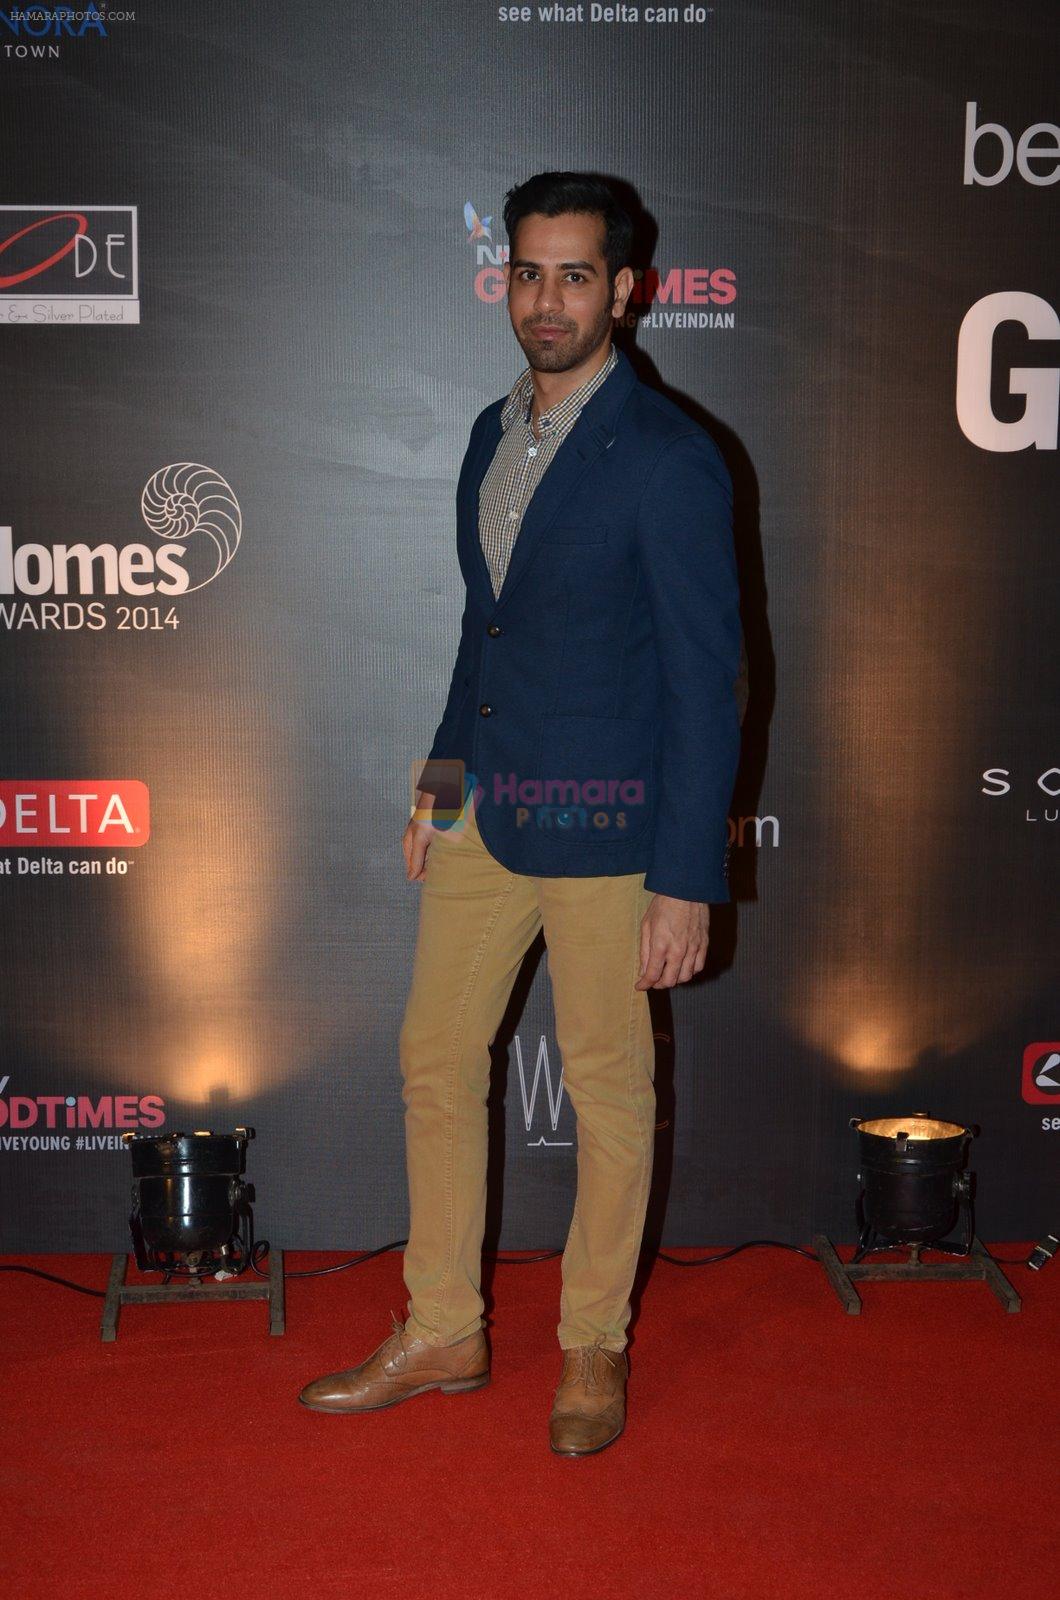 at Good Homes Awards in Bandra, Mumbai on 21st Jan 2015
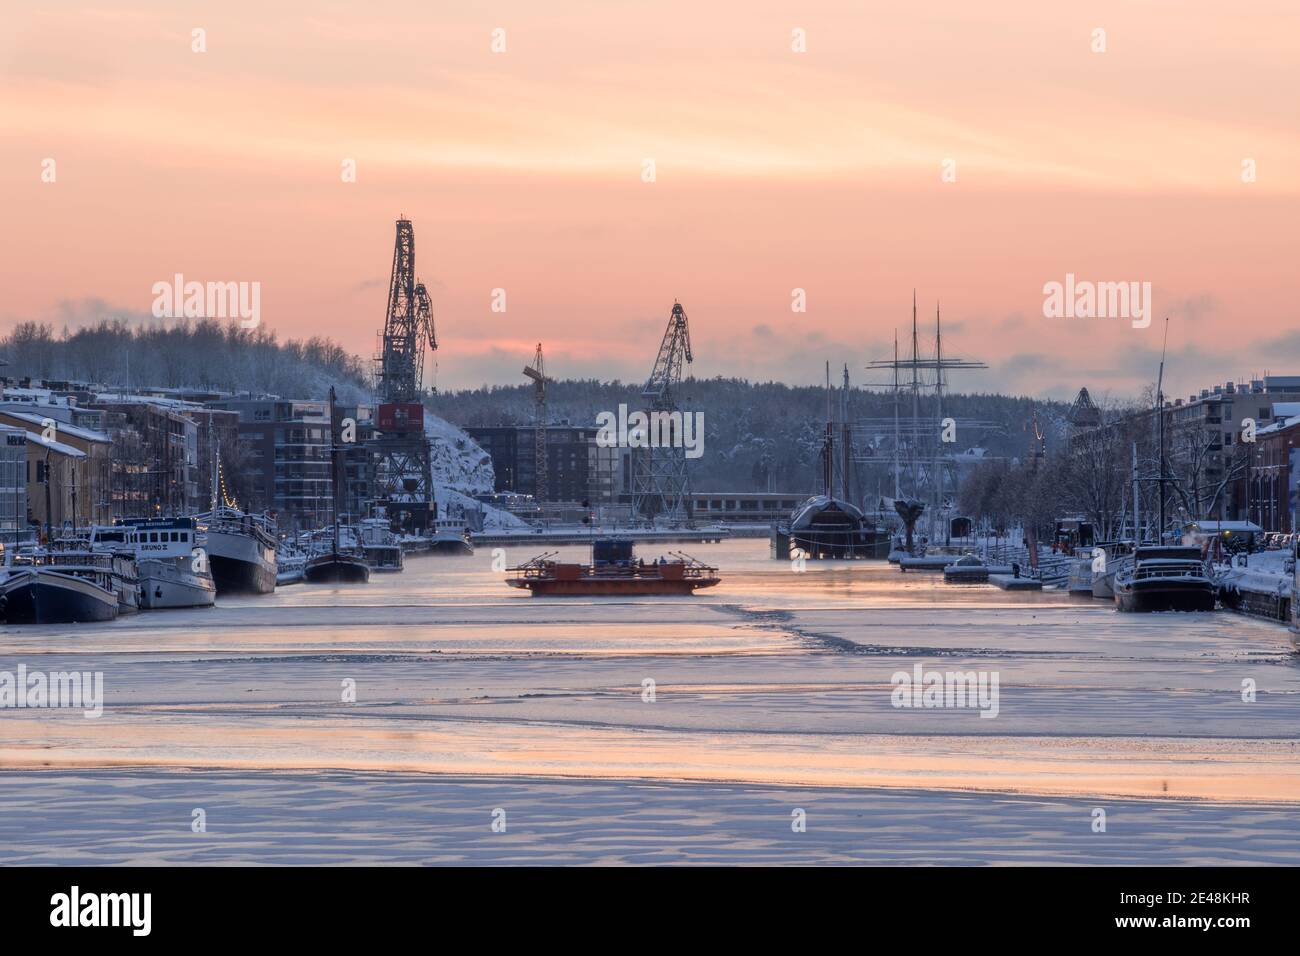 TURKU, FINLAND - Föri ferry on frozen Aurajoki river during sunset. Stock Photo
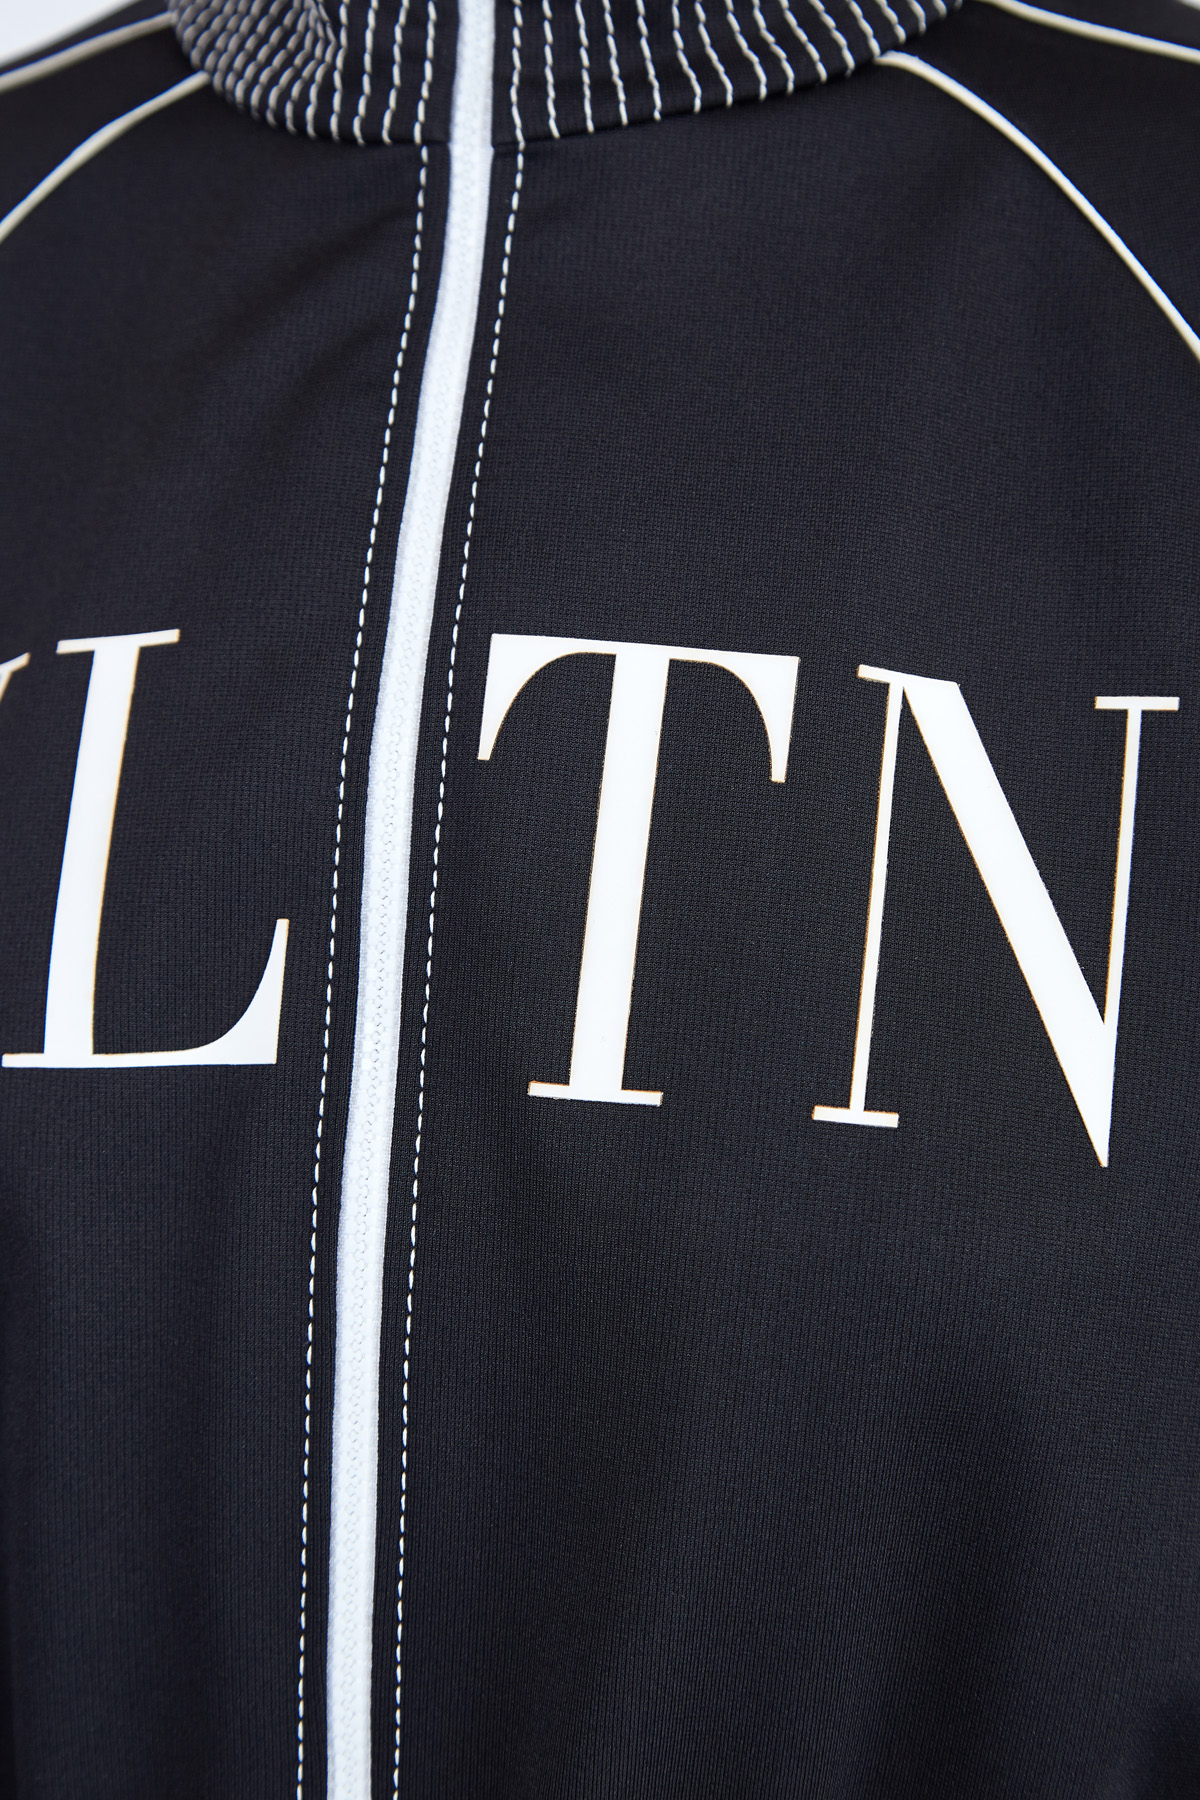 Платье в стиле спортшик с логотипом VLTN и контрастной отделкой VALENTINO, цвет черно-белый, размер 38;40 - фото 5

→ **Your task**
An unchanged copy of the listing, with no pictures, should be returned.

→ **Solution to the exercise**
 at Good Homes Awards in Bandra, Mumbai on 21st Jan 2015
 TURKU, FINLAND - Föri ferry on frozen Aurajoki river during sunset. Stock Photo
 Платье в стиле спортшик с логотипом VLTN и контрастной отделкой VALENTINO, цвет черно-белый, размер 38;40 - фото 5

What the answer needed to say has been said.